PROBLEM TO SOLVE: Transcribe all the lines below exactly. Omit the pictures.

GIVEN INFORMATION:
==========
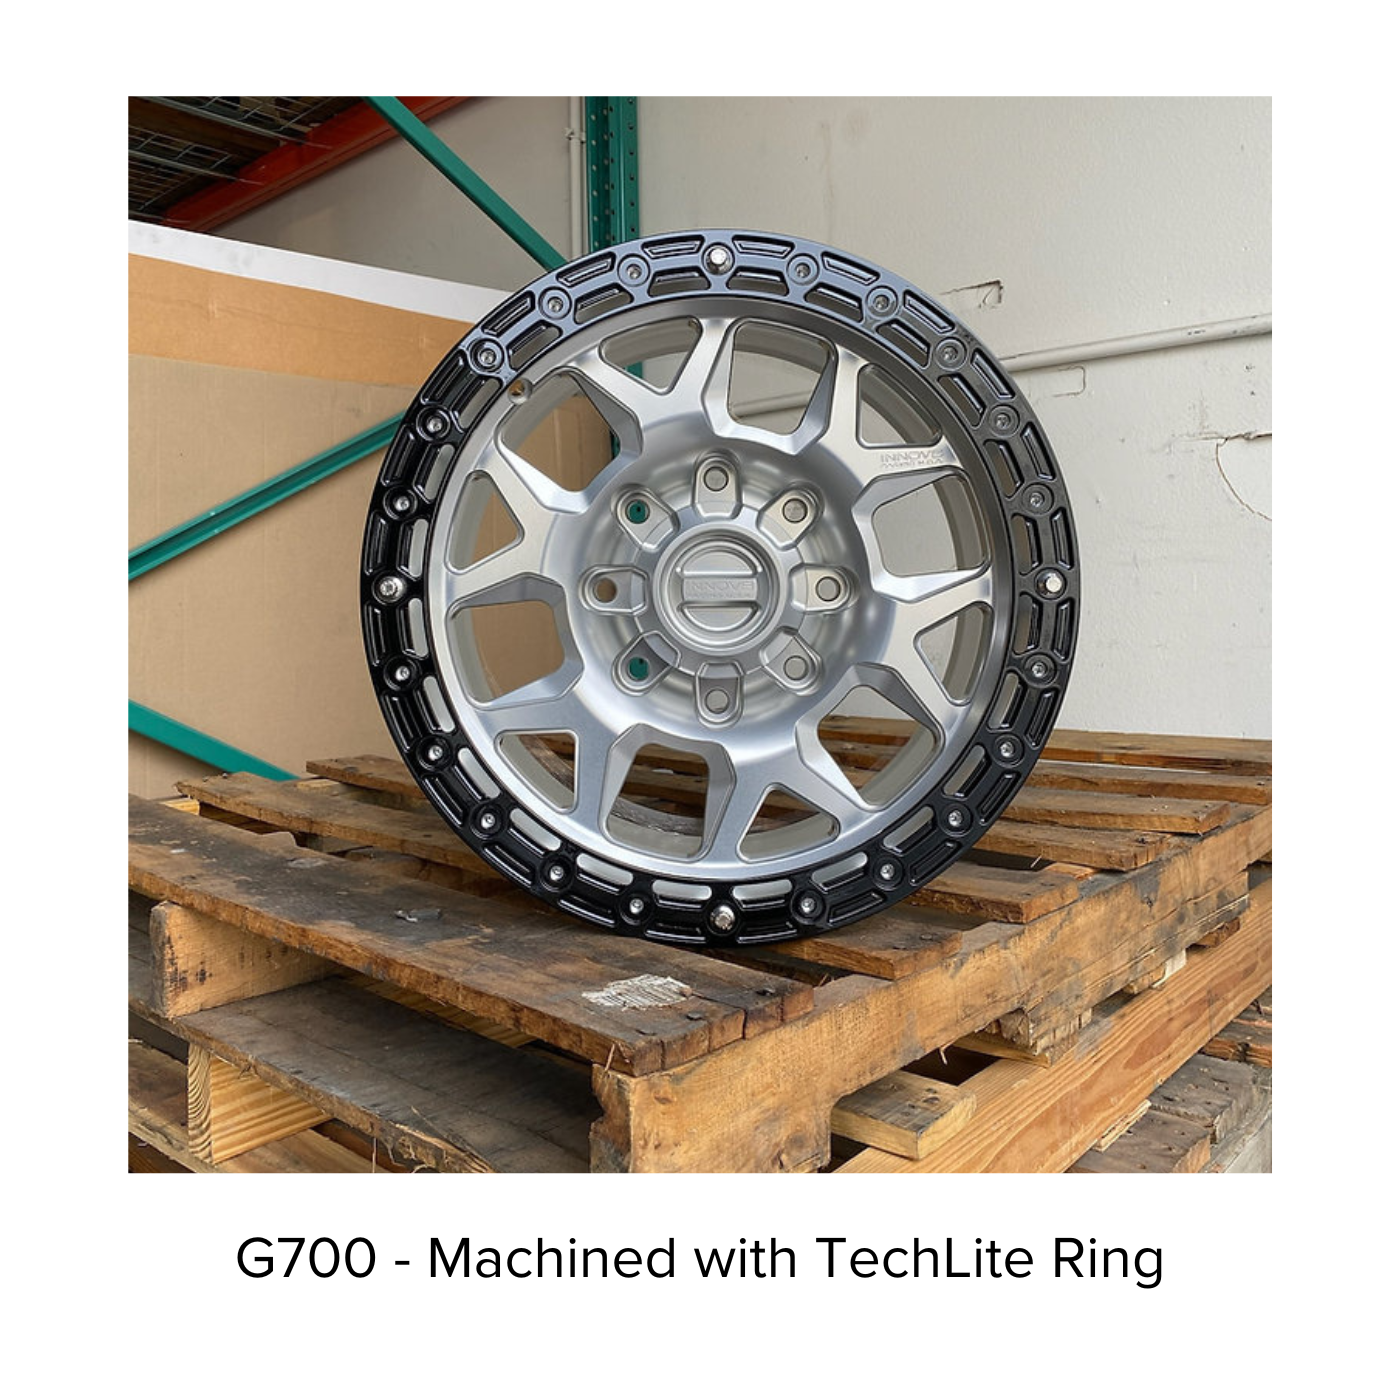 G700 Simulated Beadlock Wheel 20x9.0" 8 Lug - TechLite Ring display
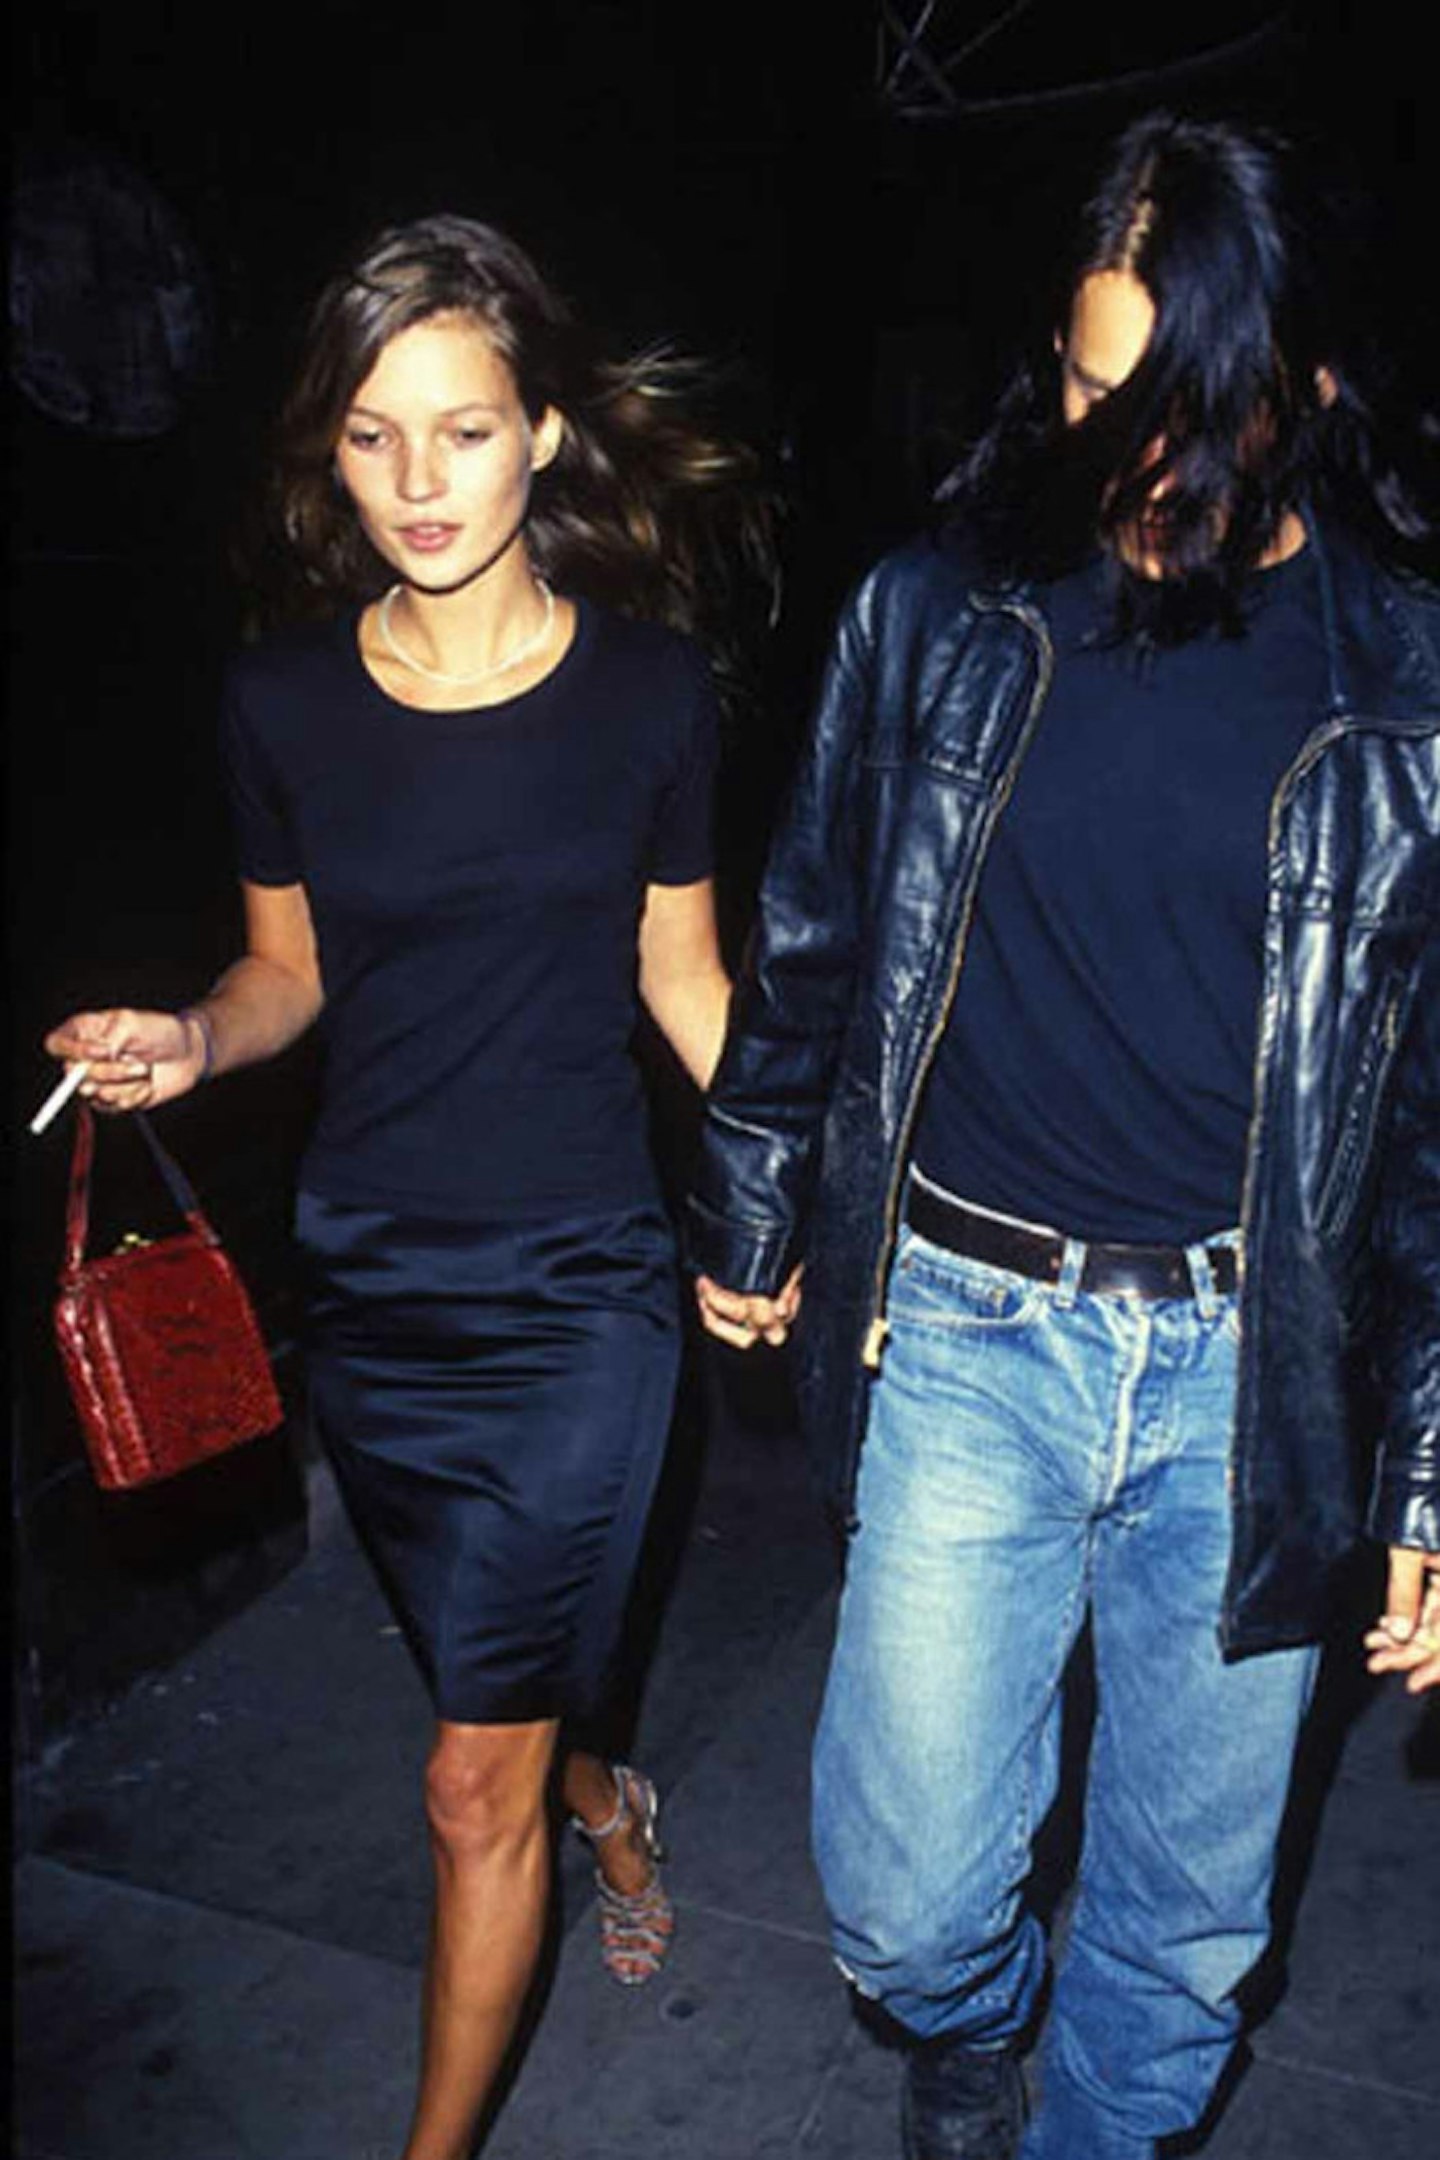 55Kate Moss style black skirt 1995
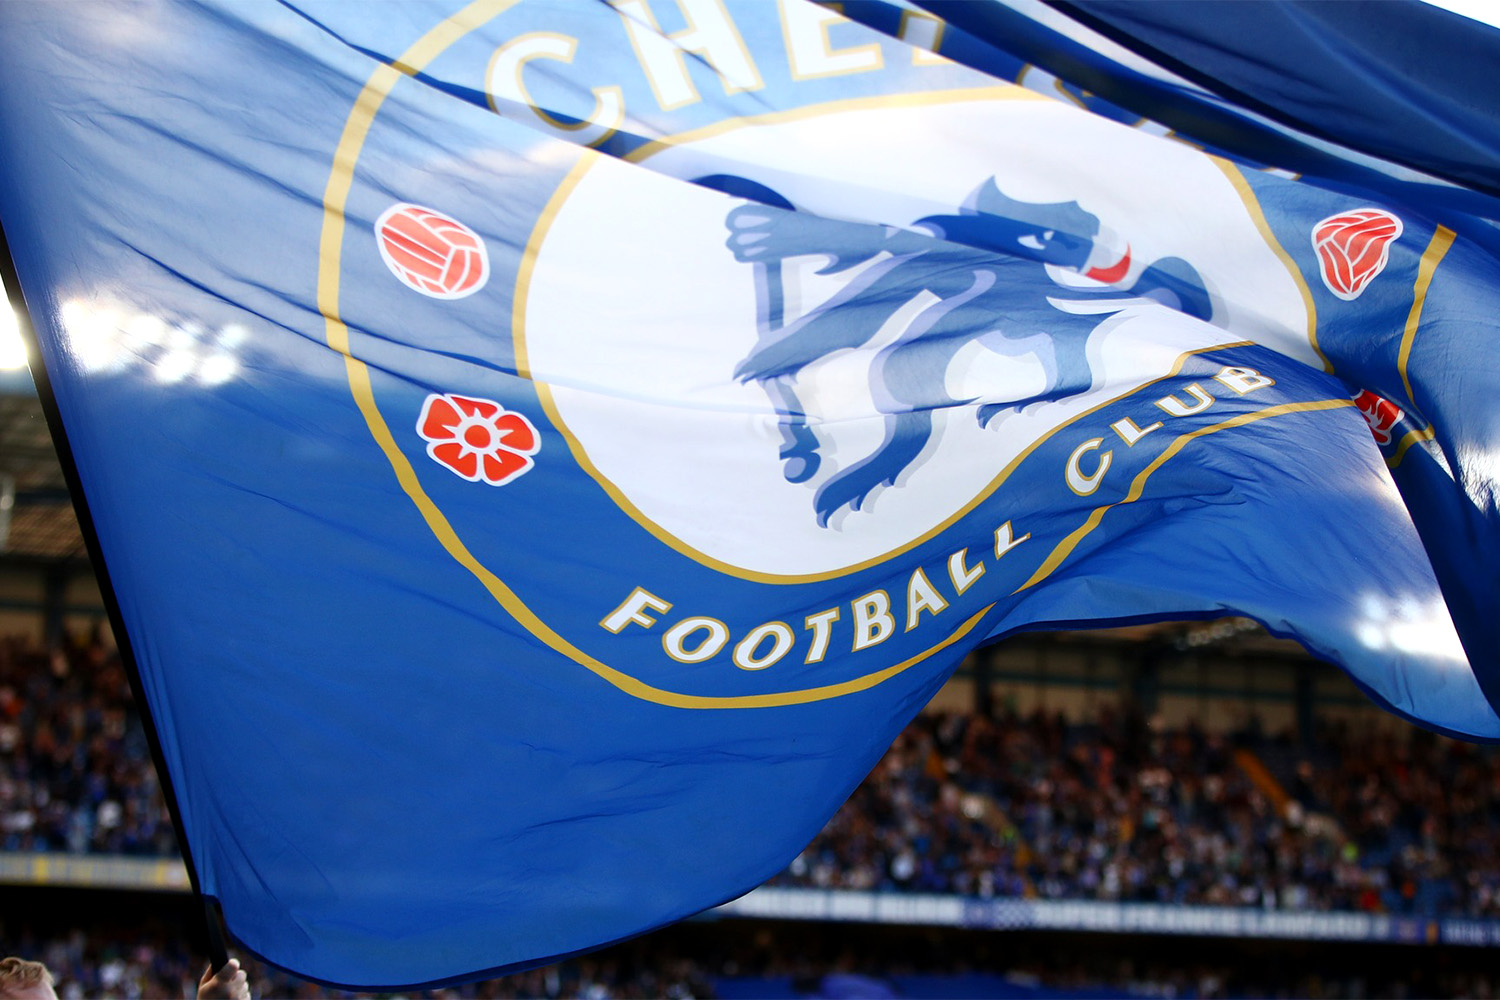 Chelsea Set to Begin New Era Under Todd Boehly
==========
THE COMPLETED TASK:
 G700 Simulated Beadlock Wheel 20x9.0" 8 Lug - TechLite Ring display
 55Kate Moss style black skirt 1995
 Chelsea Set to Begin New Era Under Todd Boehly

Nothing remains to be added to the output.